On the last day of September the two kings and all the princes met in conference between Tours and Amboise.[831] Henry’s three elder sons accepted the endowments which he offered them; in return, the young king gave his assent to a provision for John. A general amnesty was agreed upon; all prisoners on both sides, except the king of Scots, the earls of Leicester and Chester and Ralf of Fougères, were released at once; all the rebels returned to their allegiance, and were fully forgiven; Henry claimed nothing from any of them save the restoration of their castles to the condition in which they had been before the war, and the right of taking such hostages and other security as he might choose.[832] These terms of course did not apply to England; while, on the other hand, the king of Scots and his fellow-captives, whom Henry had brought back with him to Normandy and replaced in confinement at Falaise,[833] were excluded from them as prisoners of war. It was at Falaise, on October 11, that Henry and his sons embodied their agreement in a written document.[834] A few weeks later William of Scotland, with the formal assent of the bishops and barons of his realm, who had been allowed free access to him during his captivity, submitted to pay the price which Henry demanded for his ransom. The legal relations between the crowns of England and Scotland had been doubtful ever since the days of William the Conqueror and Malcolm Canmore, if not since the days of Eadward the Elder and Constantine; henceforth they were to be doubtful no longer. William the Lion became the liegeman of the English king and of his son for Scotland and for all his other lands, and agreed that their heirs should be entitled to a like homage and fealty from all future kings of Scots. The castles of Roxburgh, Jedburgh, Berwick, Edinburgh and Stirling were required by Henry as security; and as soon as the treaty had been ratified at Valognes[835] William was sent over sea in a sort of honourable custody to enforce their surrender and thereby complete his own release.[836]

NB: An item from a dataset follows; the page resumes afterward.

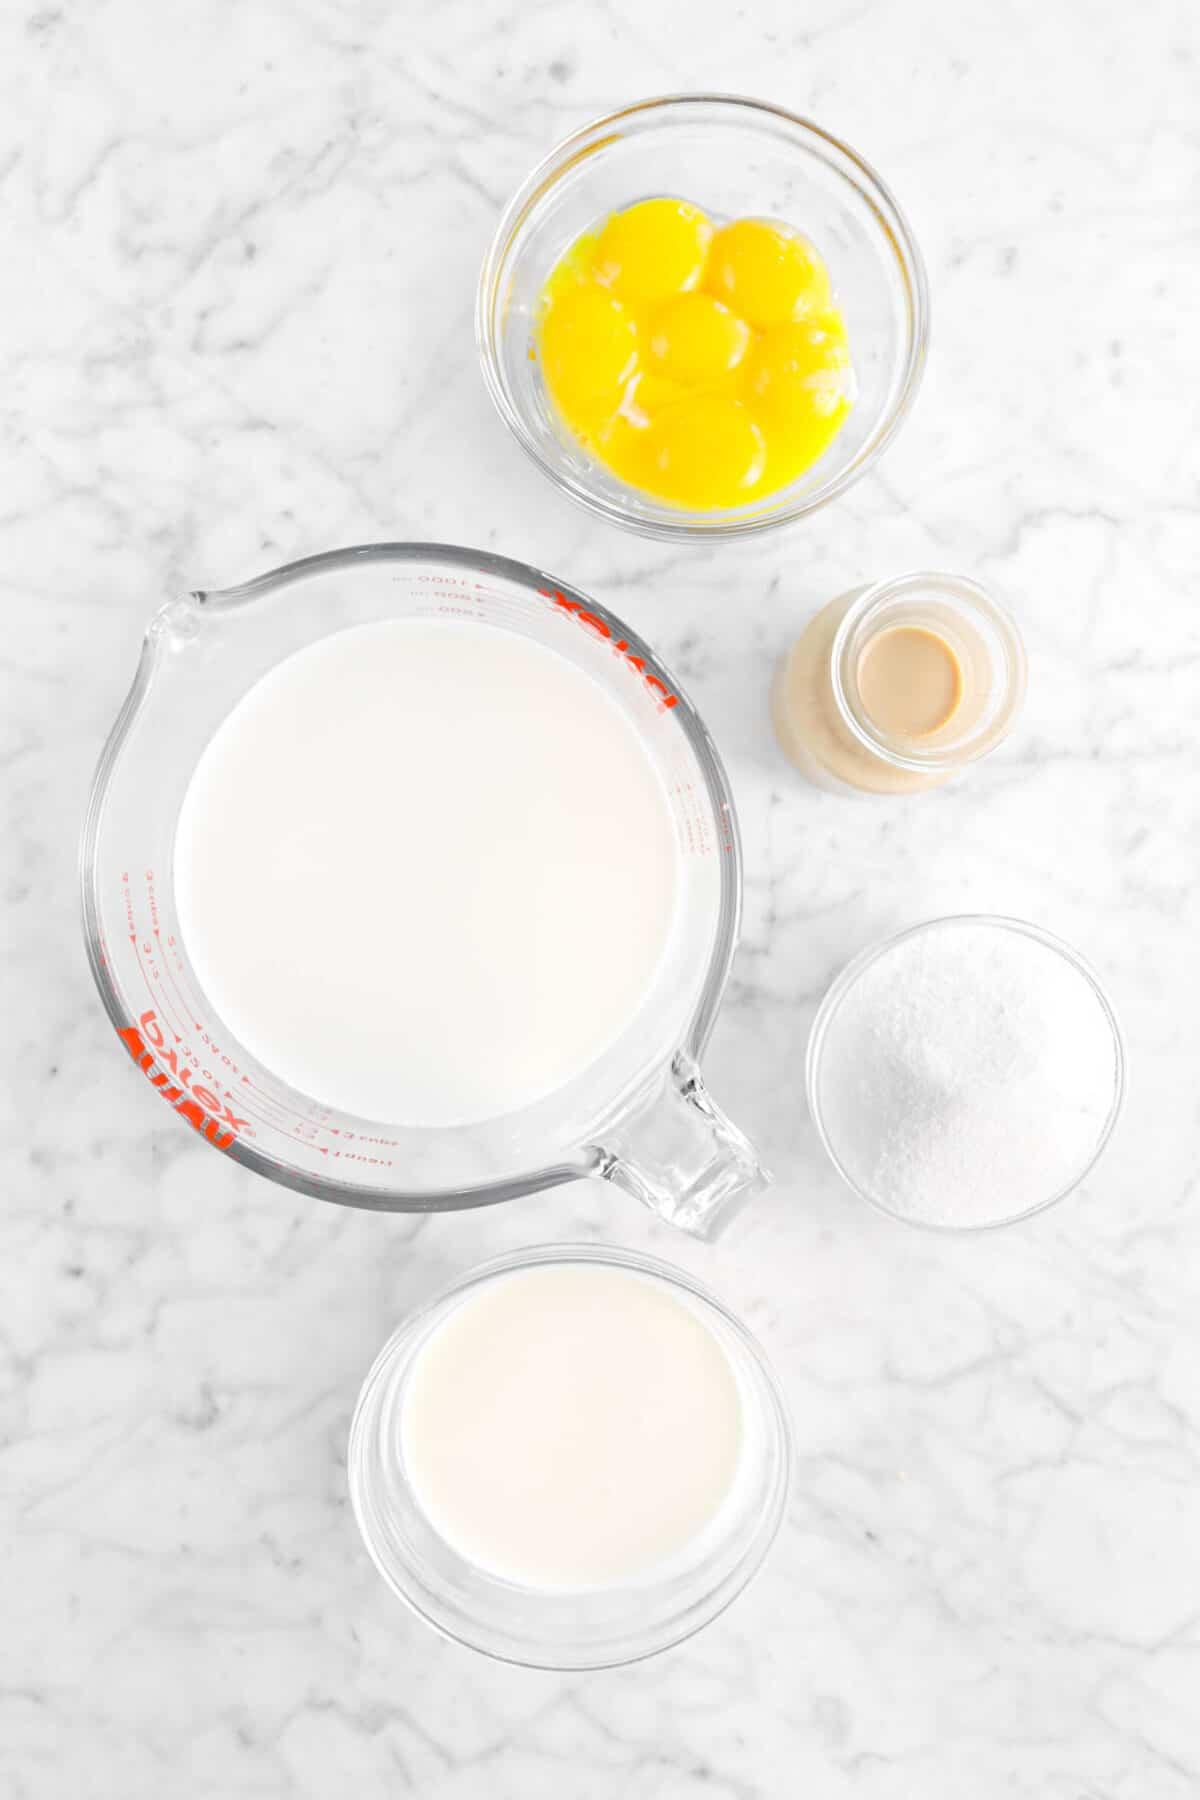 egg yolks, irish cream, sugar, heavy cream, and milk in bowls on marble counter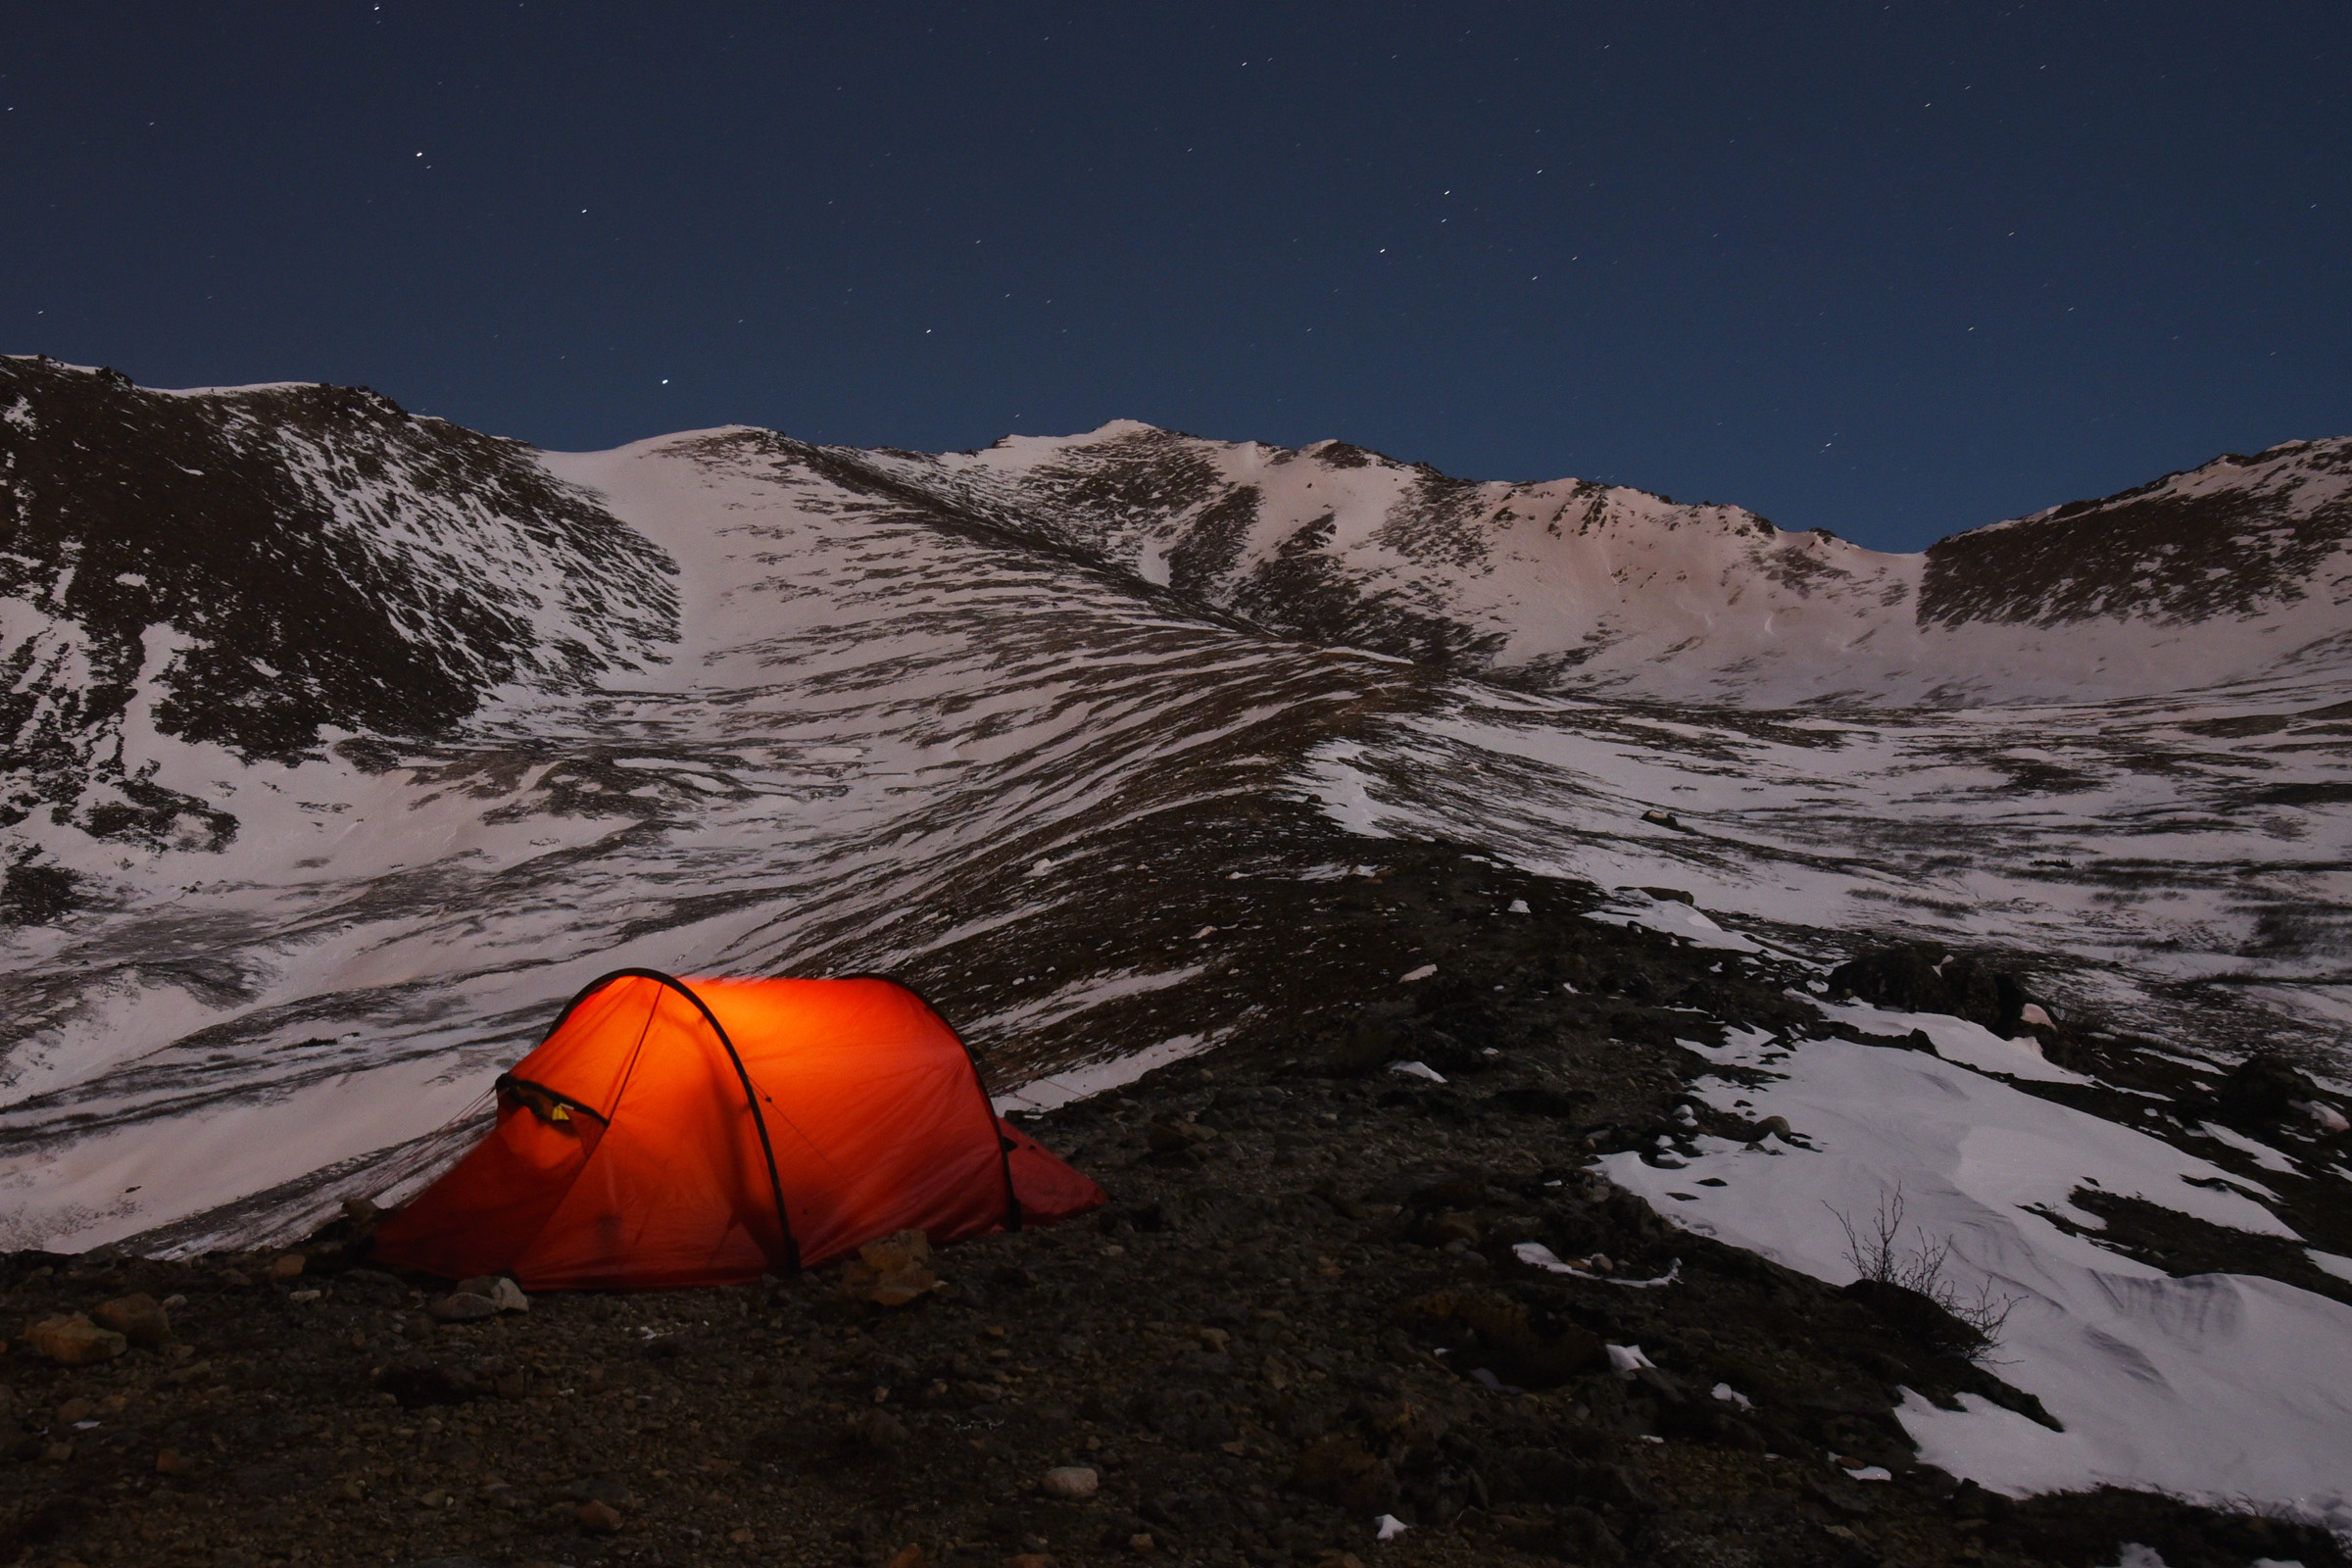 Hilleberg Nammatj 2 Tent Review Winterbear Com Product

- [831] Ibid.·/·Rog. Howden (Stubbs), vol. ii. p. 67. Gesta Hen. as above·/·(Stubbs), vol. i. p. 76. Gerv. Cant. (Stubbs), vol. i. p. 250. R. Diceto (Stubbs), vol. i. p. 394. On the date given by this last see below, note 7[{834}].
- [832] Treaty given at length in Gesta Hen. as above, pp. 77–79, and Rog. Howden as above, pp. 67–69; abridged in R. Diceto as above, pp. 394, 395.
- [833] Gesta Hen. as above, p. 74.
- [834] The treaty, as given in Gesta Hen. and Rog. Howden (see above, note 5[{832}]), is printed also in Rymer’s Fœdera, vol. i. p. 30, with the addition of a date—Falaise—and the signatures of twenty-eight witnesses. Among the latter is Geoffrey, bishop elect of Lincoln. Now we know from R. Diceto (Stubbs), vol. i. p. 393, that Geoffrey came over from England to Normandy on October 8. R. Diceto (ib. p. 394) gives the date of the meeting at which the treaty was made as October 11. Is it not probable that he has substituted for the date of the making of the treaty that of its formal ratification at Falaise?
- [835] This treaty, as given in Gesta Hen. (Stubbs), vol. i. pp. 96–99, and Rog. Howden (Stubbs), vol. ii. pp. 80–82 (and from them in Rymer’s Fœdera, vol. i. pp. 30, 31), is dated at Falaise. R. Diceto, however (Stubbs, vol. i. p. 396), who gives an abridgement of it, says it was made at Valognes, on December 8. Now there is in Hearne’s Liber Niger, vol. i. pp. 36–40, a copy of the treaty, differing from the former ones in having eighteen more witnesses (one cannot help noting the name of the last—“Roger Bacun”) and in its date, which is “Valognes.” No doubt the Falaise copy was made first, and this is the ratification of it.
- [836] R. Diceto as above, p. 398.
By the terms of Henry’s treaty with France, all the English barons who held lands on both sides of the sea were to be at once re-instated in their continental possessions, except the castles over which the king resumed his ancient rights of garrison or of demolition. Their English estates however were wholly at his mercy; but he made a very gentle use of his power over them. He took in fact no personal vengeance at all; he exacted simply what was necessary for securing his own authority and the peace of the realm—the instant departure of the Flemish mercenaries[837] and the demolition of unlicensed fortifications—and for defraying the expenses of the war. This was done by a tax levied partly on the royal demesnes, partly on the estates of the rebels throughout the country, on the basis of an assessment made for that purpose during the past summer by the sheriffs of the several counties, assisted by some officers of the Exchequer.[838] No ruinous sums were demanded; even Hugh Bigod escaped with a fine of a thousand marks, and lost none of the revenues of his earldom save for the time that he was actually in open rebellion; the third penny of Norfolk was reckoned as due to him again from the third day after his surrender, and its amount for two months was paid to him accordingly at Michaelmas.[839] Even the earls of Leicester and Chester seem to have been at once set free;[840] and in little more than two years they were restored to all their lands and honours, except their castles, which were either razed or retained in the king’s hands.[841]